United States soldier from Mexican origin, receiver of the Distinguished Service Cross

Private Marcelino Serna (April 26, 1896 – February 29, 1992) was a Mexican who enlisted as an American soldier and settled from El Paso, Texas. He became one of the most decorated soldiers from Texas in World War I. Serna was the first Hispanic to be awarded the Distinguished Service Cross.

==Early years==
Serna was born in the city of Chihuahua, in the Mexican state of Chihuahua, to a poor family. In 1916, when he was 20 years old, Serna decided to enter the United States by crossing the Rio Grande and going to El Paso, Texas, in search of a job and a better way of life. Serna did not speak English, and he was only able to find low-paying jobs. He soon found himself working as a farm hand in a sugar beet field in Denver, Colorado.

The United States declared war on Germany on April 6, 1917. Serna was with a group of men in Denver when he was picked up by federal officials. He faced the possibility of being deported, but before that could happen, he volunteered to serve in the Army.

==World War I==
After his basic training, Serna was sent overseas and assigned to Company B, 355th Infantry Regiment, 89th Division. When the Army realized that he was a Mexican national, he was offered a discharge. Serna, however, chose to stay with his new friends.

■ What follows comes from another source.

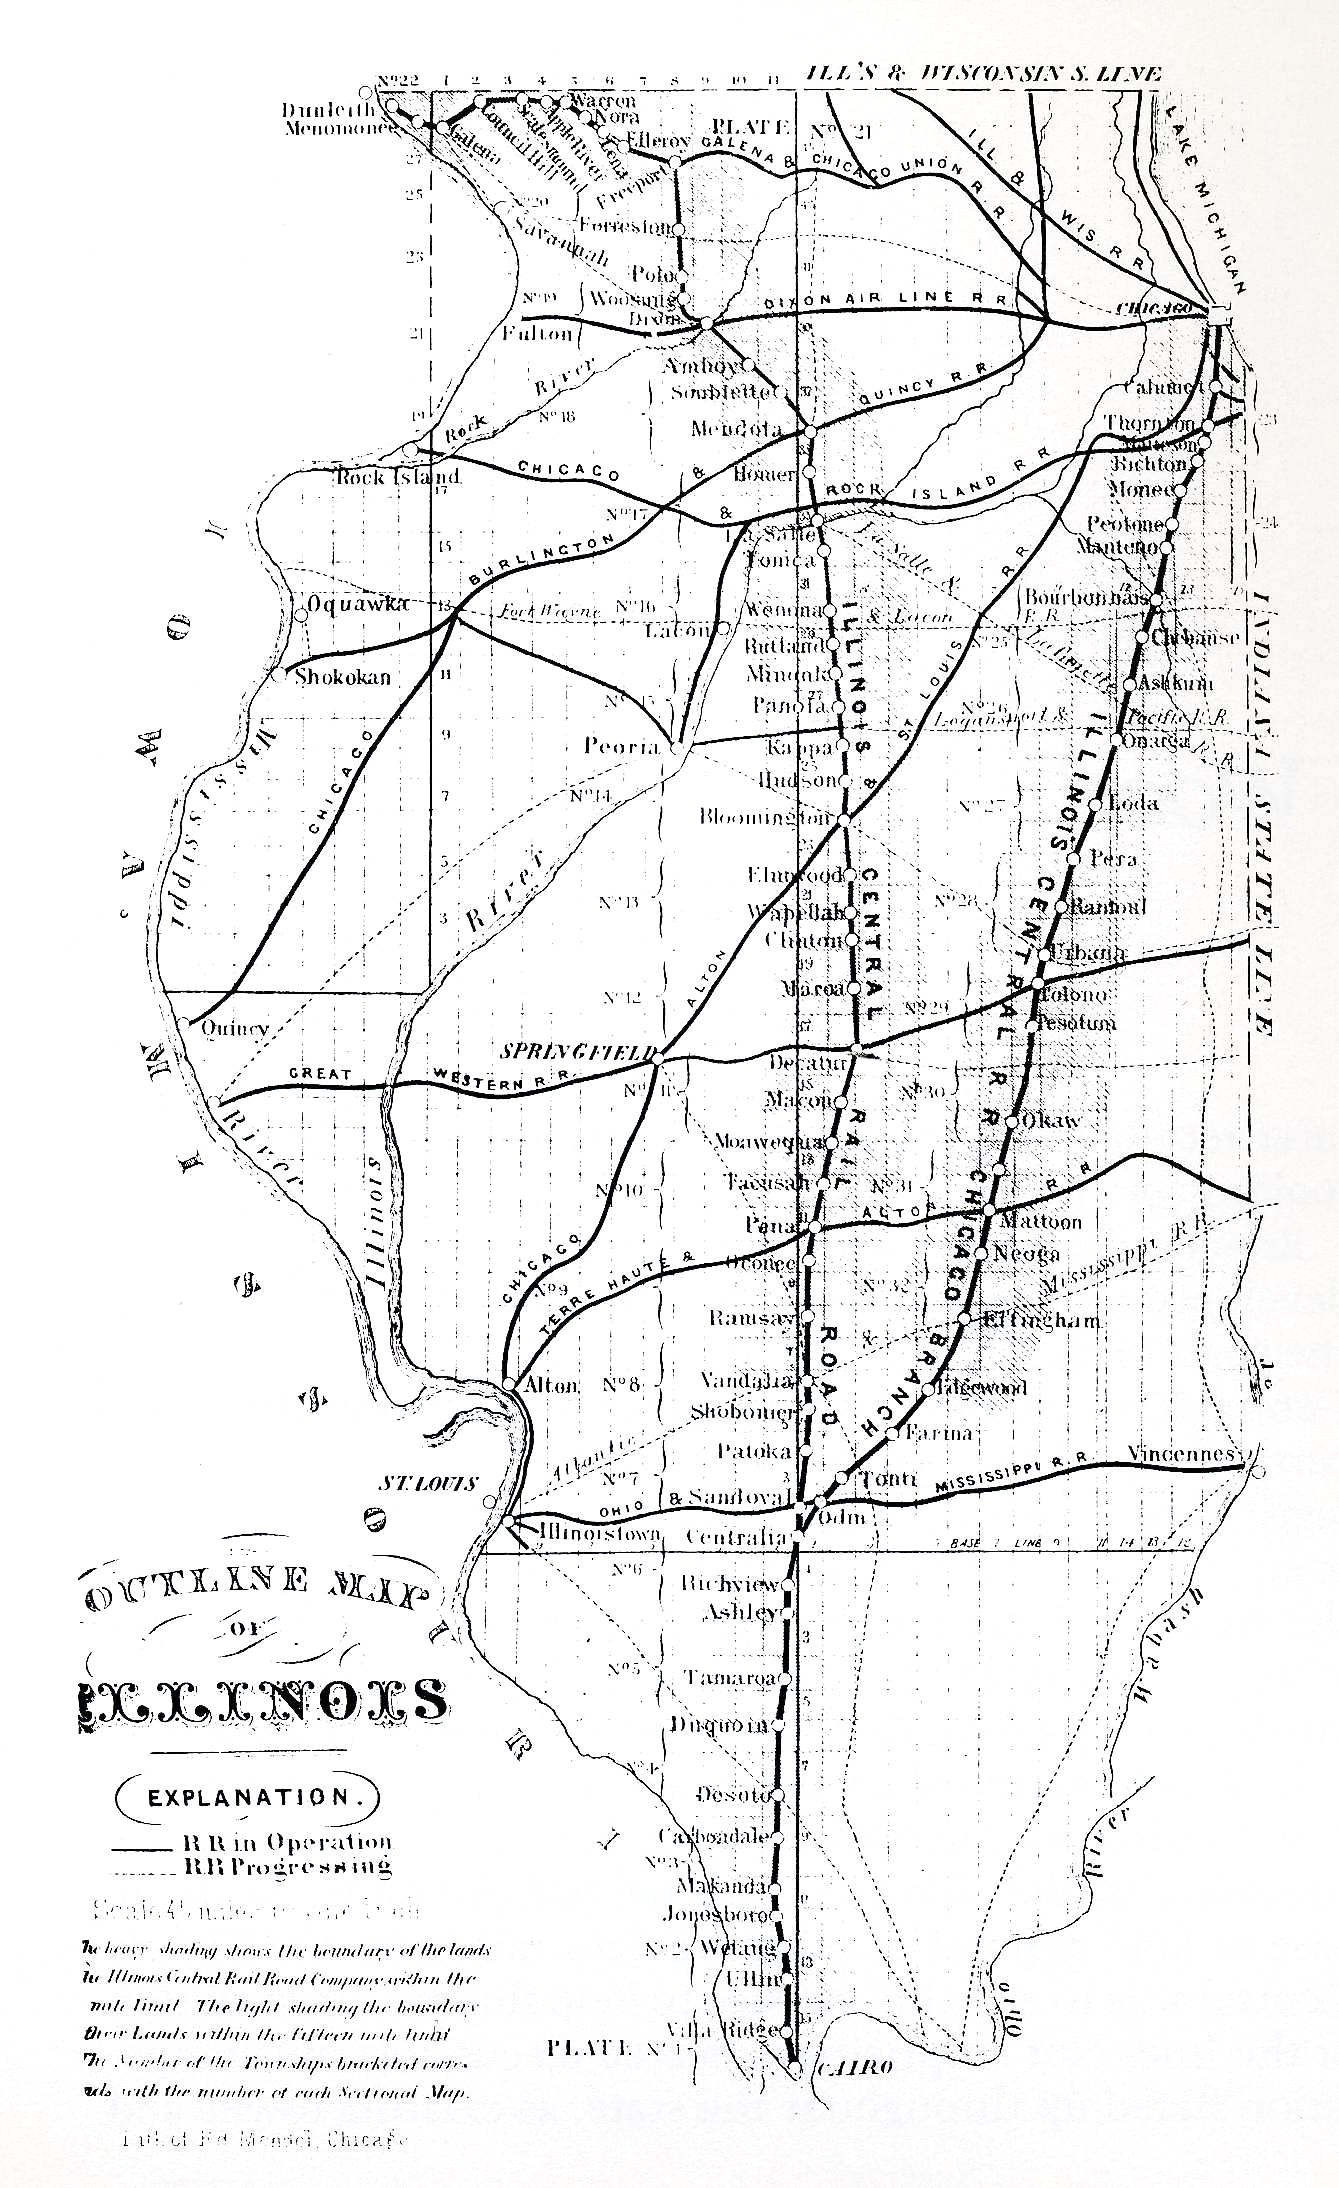 Origins of Flossmoor-state map

Serna's unit was ordered to advance towards the Meuse River and Argonne Forest in France. When his unit arrived at Saint-Mihiel, they encountered a German machine gunner who killed 13 soldiers. Serna crawled up to the machine gunner's left flank. Even though his helmet was hit twice by bullets, Serna was able to get close enough to throw four grenades into the nest. Eight Germans surrendered and the rest were dead.

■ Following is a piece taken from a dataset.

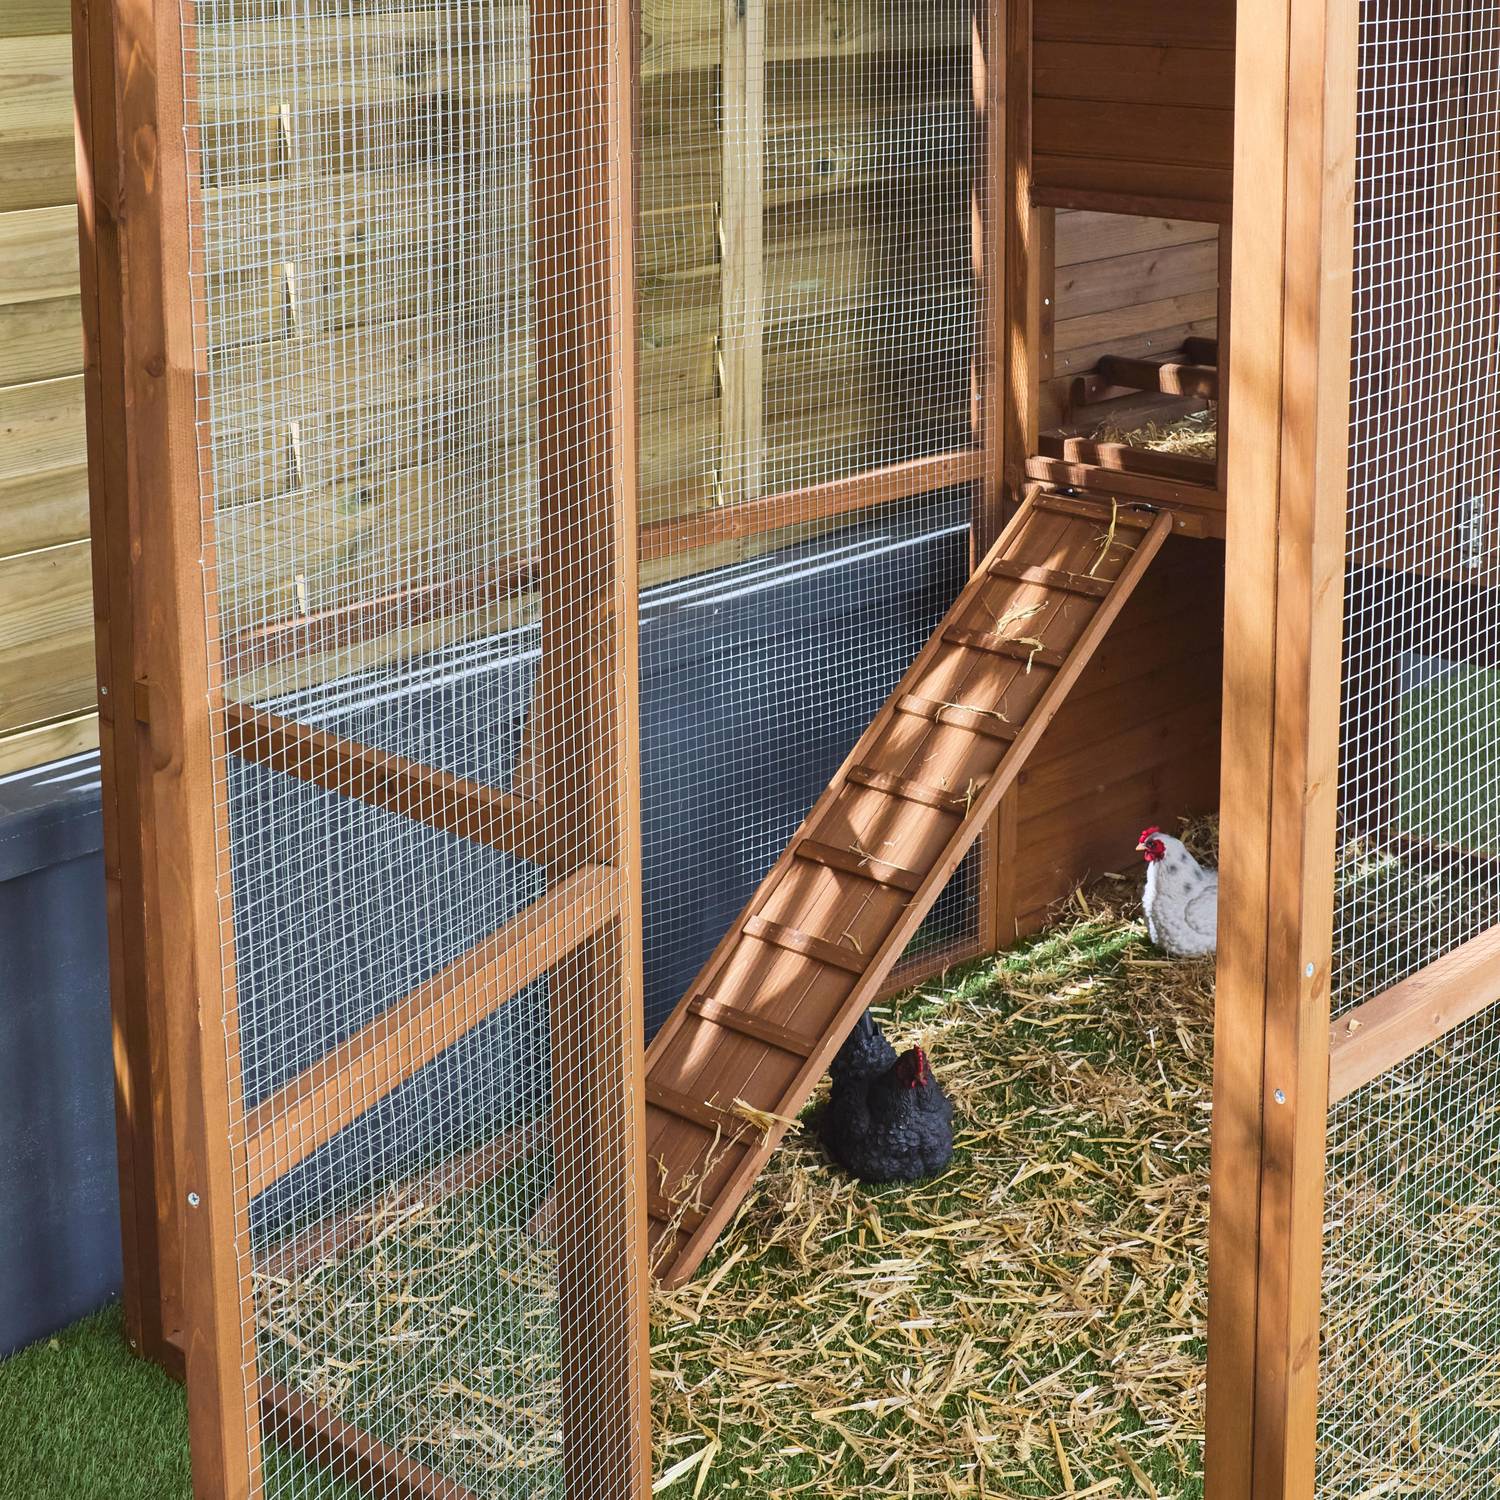 Pollaio in legno COTENTINE, da 6 a 8 galline, gabbia per galline con recinto Photo3

On September 12, 1918, Serna's unit was engaged in combat inside the Meuse-Argonne region when he spotted a German sniper and wounded him with his Enfield rifle. Serna followed the wounded soldier to a trench. He threw three grenades into the trench, which resulted in the death of 26 enemy soldiers and the capture of 24.

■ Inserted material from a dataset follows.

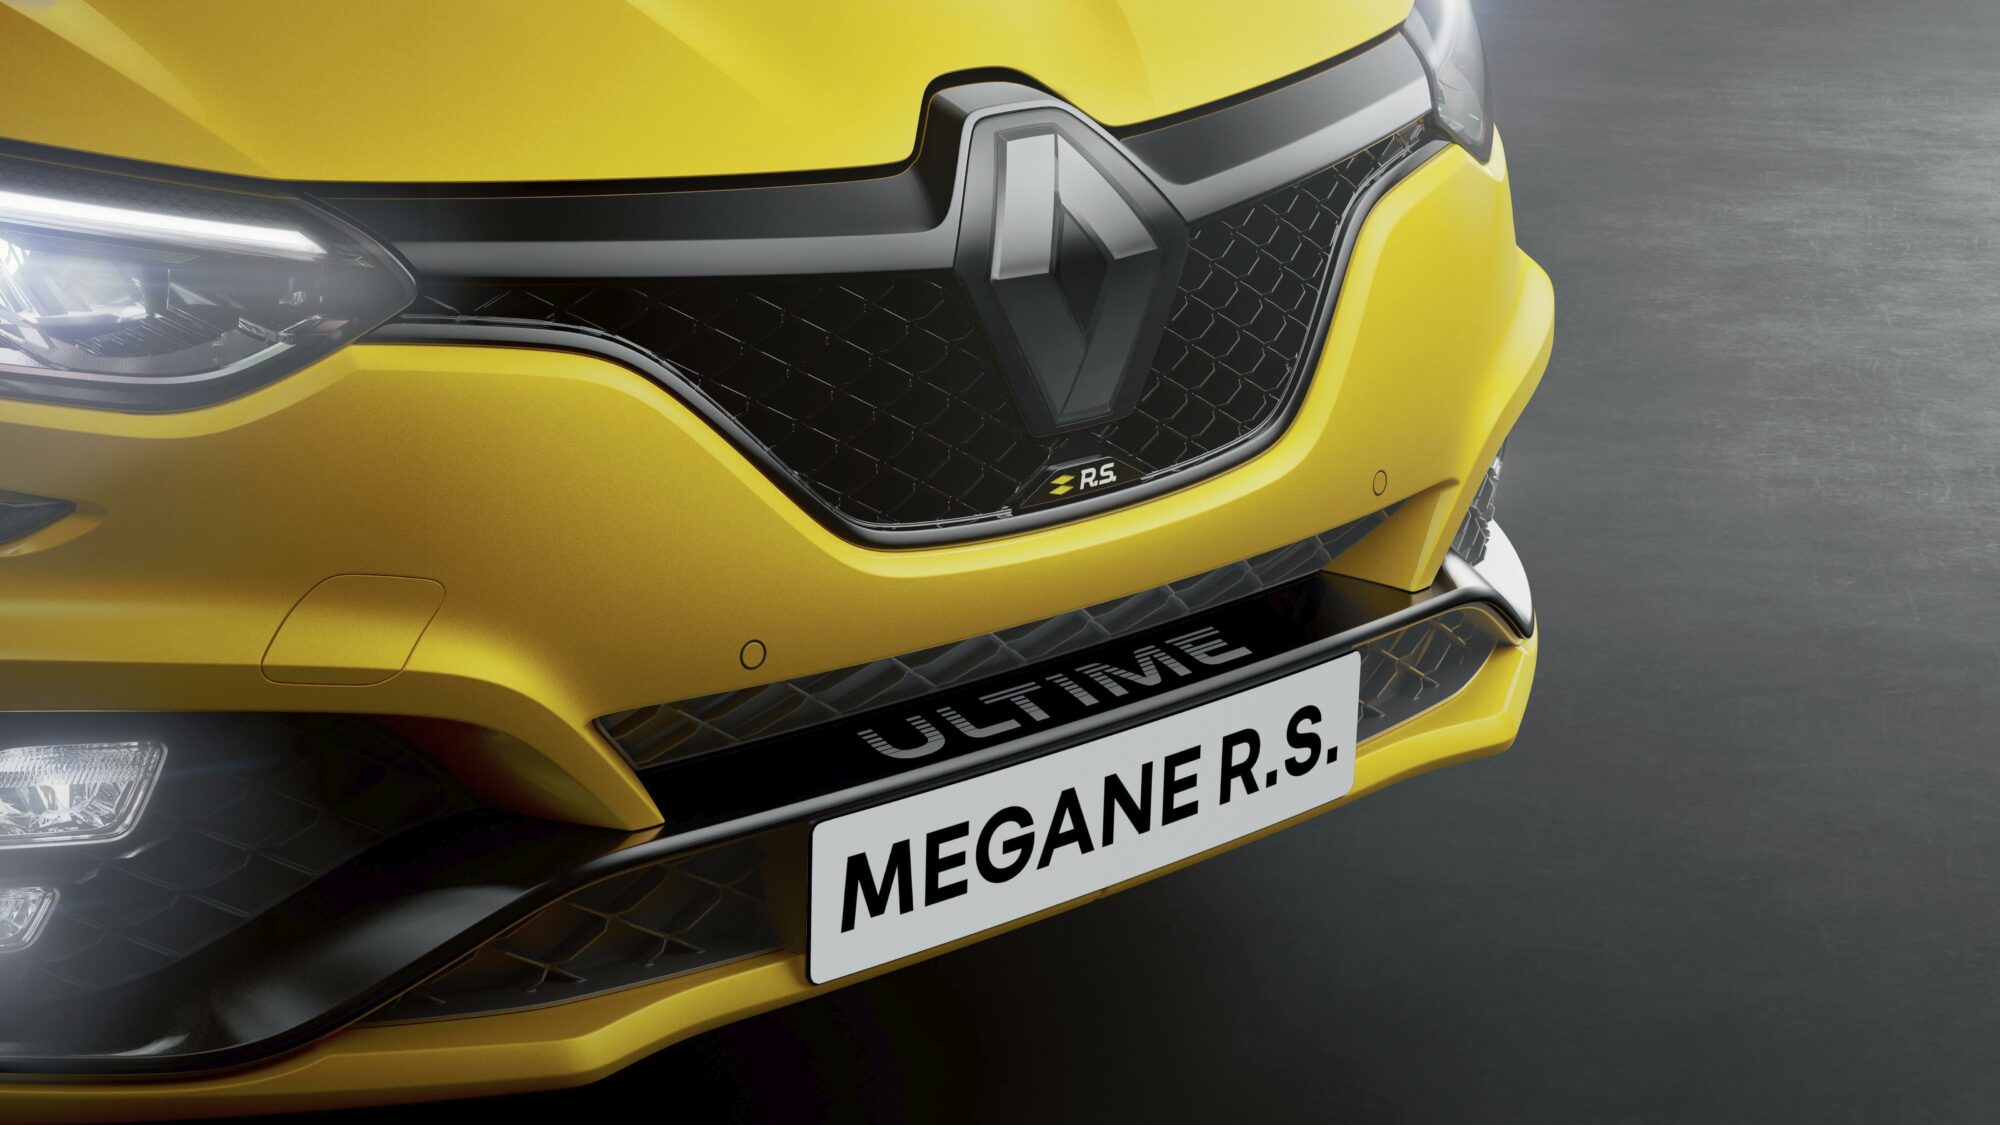 2023 - Renault Megane R.S. Ultime

Serna was wounded in both of his legs by sniper fire, four days before the Armistice. During his recovery, General John J. Pershing, Commander-in-Chief of the American Expeditionary Forces, pinned on his chest the Distinguished Service Cross, the second highest military decoration of the United States Army to the Medal of Honor. Serna was told by an officer that a "'buck' private" was not eligible for the Medal of Honor, and that he could not be promoted because he did not know enough English. Private David B. Barkley, who also served in the 89th Division, was awarded the Medal of Honor for his actions. Years later, it was discovered that Barkley was Hispanic, thus the only Hispanic recipient of the Medal of Honor in World War I. Field Marshal Ferdinand Foch, Supreme Commander of the Allied forces, awarded Serna the French Croix de Guerre for bravery.

==Later years==
Serna returned to the U.S. as the most decorated soldier from Texas and was discharged at Camp Bowie, Texas in May 1919. In 1924, Serna became a United States citizen and soon after he married and settled down in El Paso, Texas. He went to work at the Peyton Packing Company. In 1960, he retired as a plumber from William Beaumont Hospital. On February 29, 1992, Marcelino Serna died at the age of 95. He was buried with full military honors at Fort Bliss National Cemetery, of El Paso, Texas.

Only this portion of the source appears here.